The initial implementation had the companion cube dispenser on the ceiling, with portal surface underneath its switch. Each timed button had angled portal surface platforms coming out from the wall, and faith plates that took the player on a ride into the other angled portalable platform. All the puzzle elements were arranged in an intuitive way so figuring out how to hit the switches didn't require much thought. The primary piece of the puzzle players would figure out is setting the cube along the same faith plate track players used to fling themselves, and have the cube fling toward one switch while the player flings toward the other

The initial implementation worked very well as it was. All the playtesters solved it and enjoyed it. The most common critique was that it was too easy, but being that the goal of this chamber was to be easy-but-fun, that critique was ultimately a good thing. Minor adjustments in the scale of the room and platform positions were made, but nothing as big as the other chambers' changes were needed.

 

For Reals

Now that each chamber’s gameplay was determined, the entire experience start to finish needed to be realized in a single map. Lots of the time spent here was making sure the overall pacing of the map felt right, adding in the visual and audio touches to make the map feel like a complete experience, and looking for and fixing bugs impeding the complete experience.

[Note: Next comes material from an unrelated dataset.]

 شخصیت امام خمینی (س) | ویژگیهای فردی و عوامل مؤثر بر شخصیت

The first step was moving all the chambers into one single map. I decided to place the fizzler chamber first and laser puzzle last. The laser puzzle felt like the best choice for being the finale chamber as the player unlocks the room with the laser relays all lining up. Portaling through a door from standing on buttons felt like a less exciting exit.

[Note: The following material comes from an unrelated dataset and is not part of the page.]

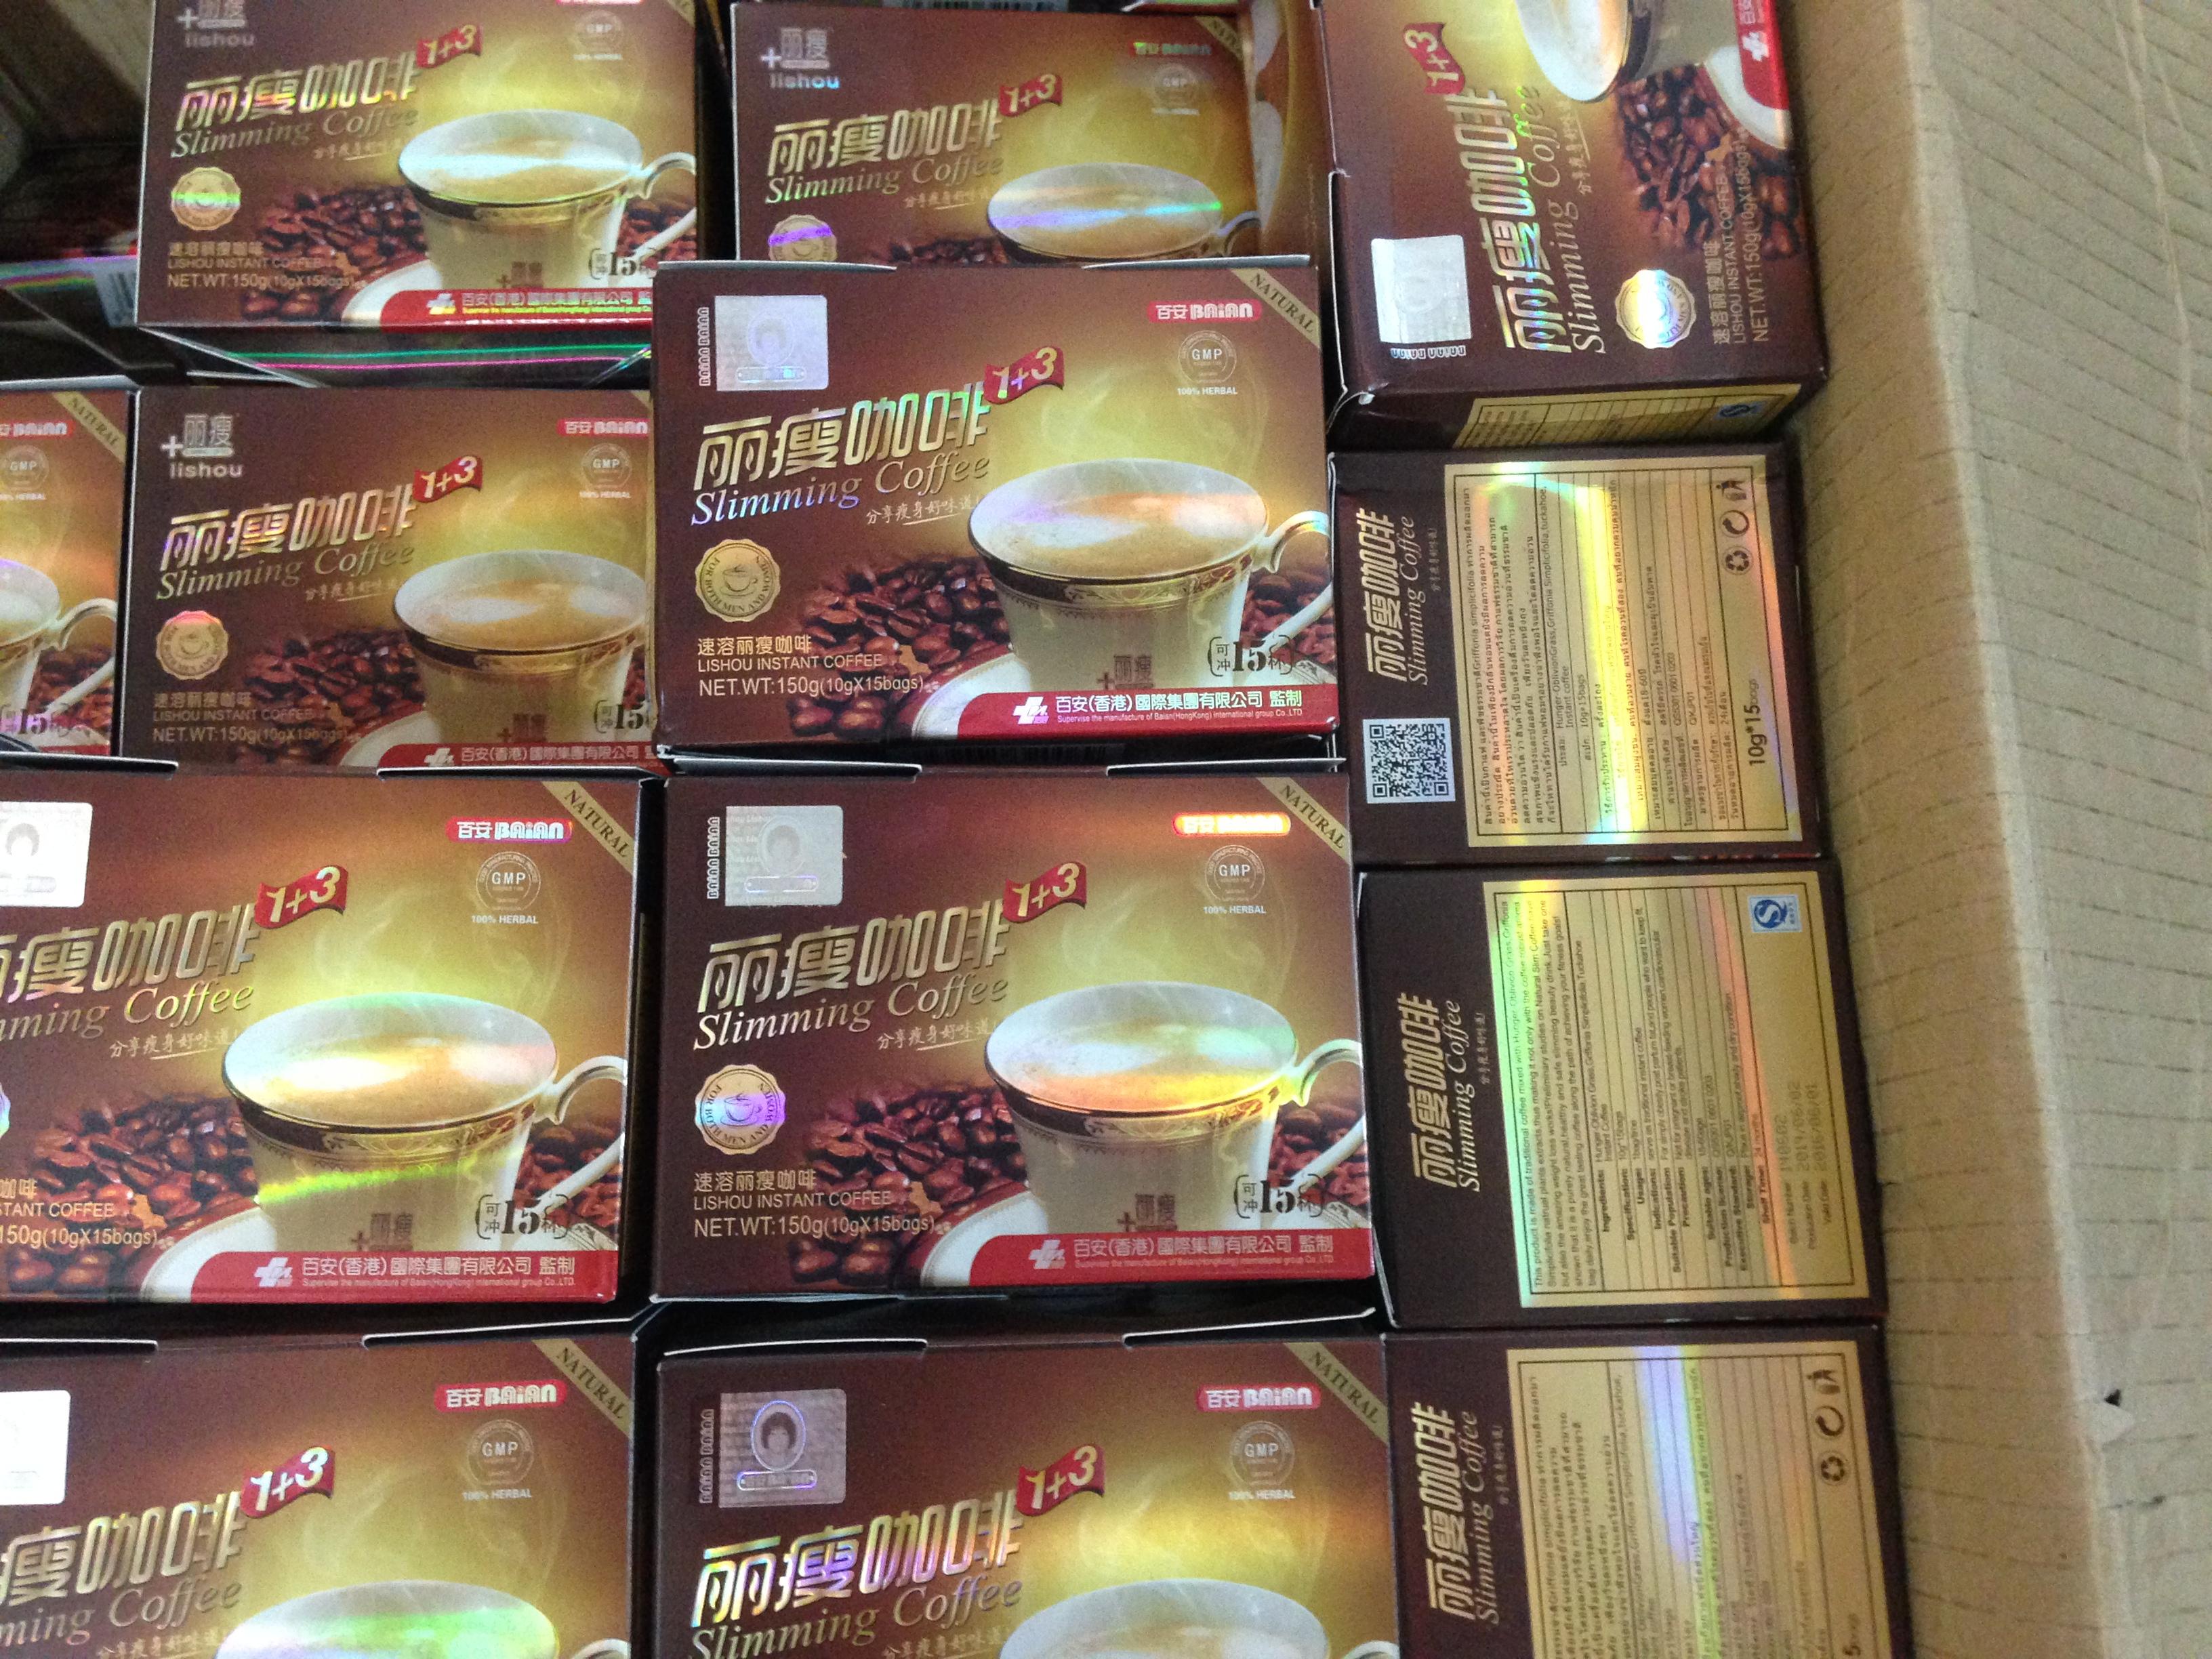 กาแฟควบคุมน้ำหนักลิโซ่ 3 in 1 (กระดาษ) 15ซอง สติกเกอร์เงินแบบใหม่เท่านั้นของแท้!!

After migrating the chambers into one map and adding the geo needed to connect them, the next step needed was adding the entry and exit elevators. Thankfully, this was much easier to do in Portal 2 than it was in Portal 1 due to the instance tech (thanks Valve!).

Now that players could enter in an elevator, play all the chambers, and leave in an elevator, the map needed ambiance. The next step involved adding ambient audio, background music, and GLaDOS voice lines. Visual detailing with textures, light fixtures, observation rooms, and security cameras also give the map the touch needed to make players feel like they're playing a real Portal 2 map.

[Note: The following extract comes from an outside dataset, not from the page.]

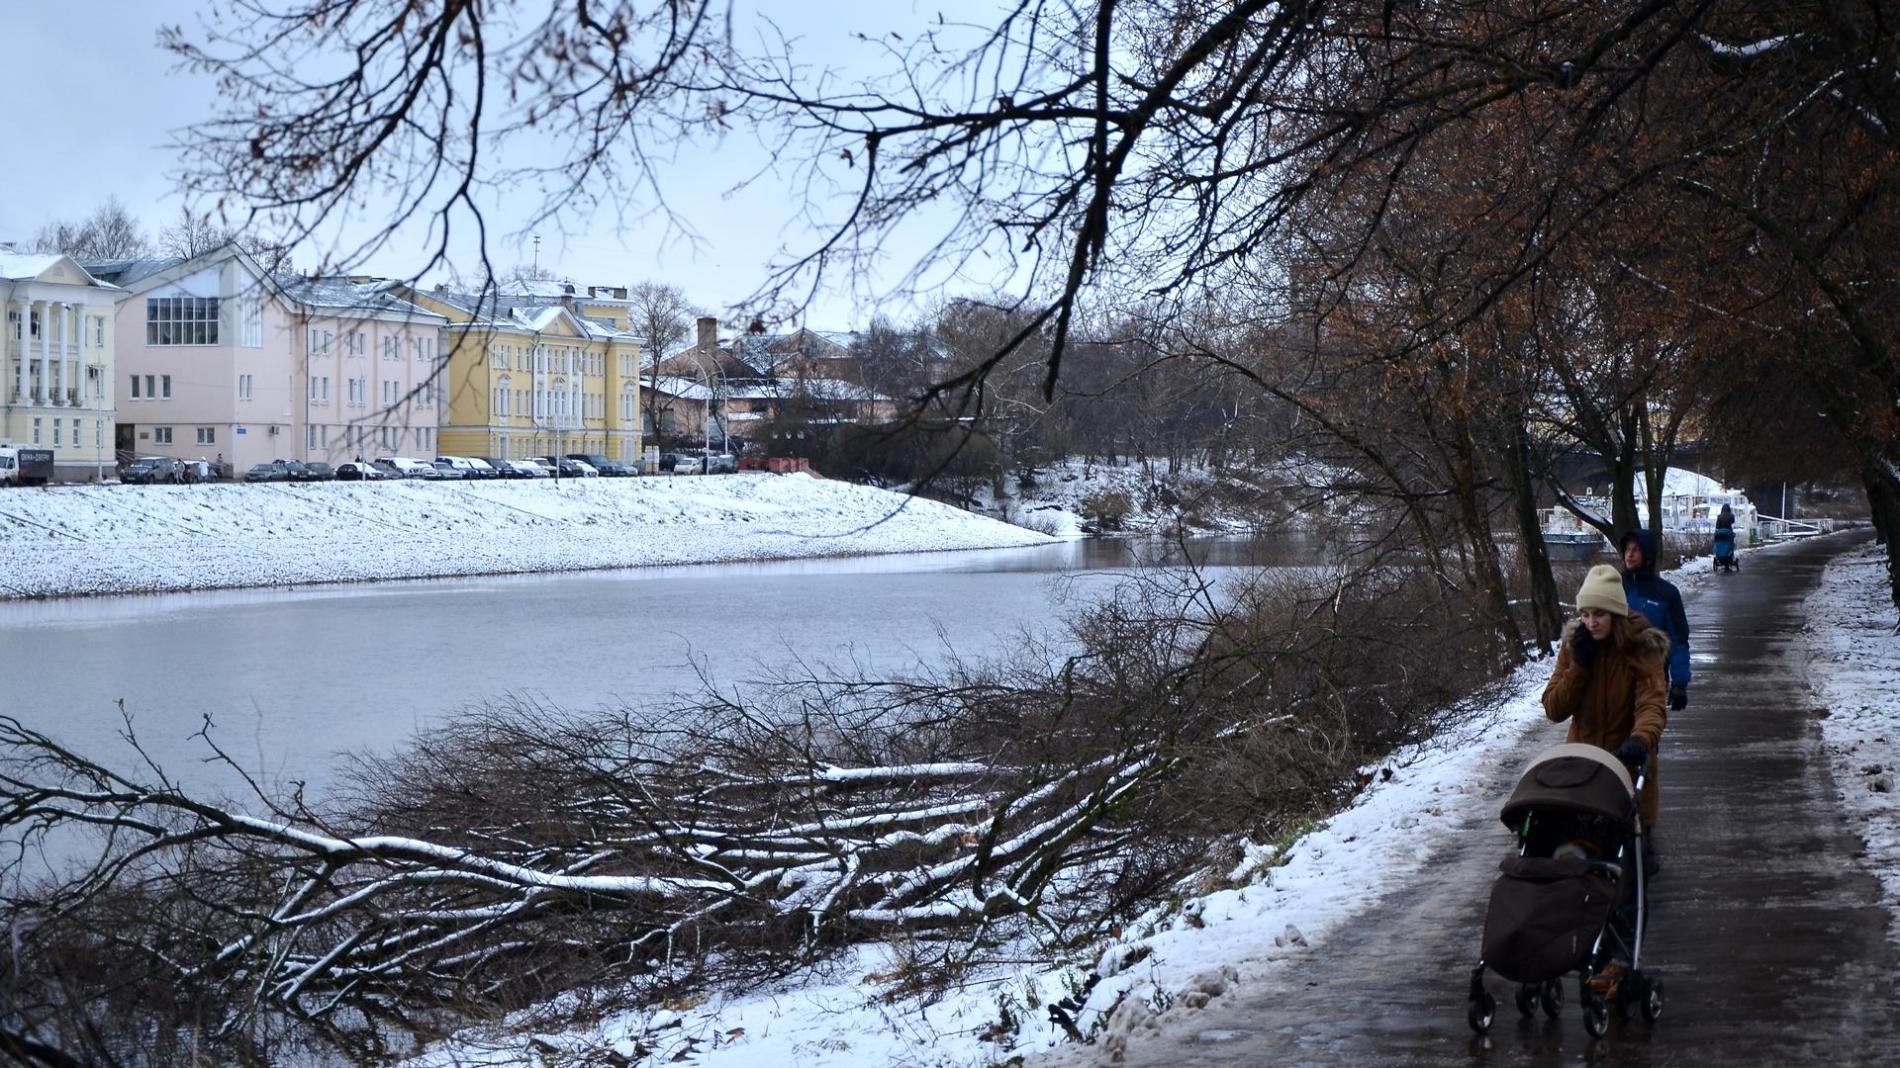 Вологда планирует получить финансирование в нескольких федеральных программах

Playtesting and iterating continued during this phase. Rather than looking at how a chamber plays, the playtesting here was looking for how the overall experience (the gestalt) felt in addition to trying to find ways to break the map. Iterations here were primarily aesthetics and audio based, such as changing what music is used for what chamber and how often GLaDOS would speak. Additionally, finding and fixing bugs to make sure the map's quality was high took some time.

 

Polish and Optimization

By now the gestalt experience was playing well. The remaining work left was putting on the final touches and making sure performance was good. Most of the time spent was on optimizing as well as looking for and fixing bugs, but a few more final touches on detailing were also done. I did a final detailing pass, a lighting and shadow pass, double checked the area portaling on the doors, made sure Nodraw textures were on all the brush surfaces not seen by the player, and looked for any hard-to-find bugs.

 

“Done”

Now Cubi was ready for release! It was submitted to several different Portal 2 community and mod sites. When the Steam Workshop was released, I researched how to take a map made in Hammer and modify it so it can be published on the Steam Workshop.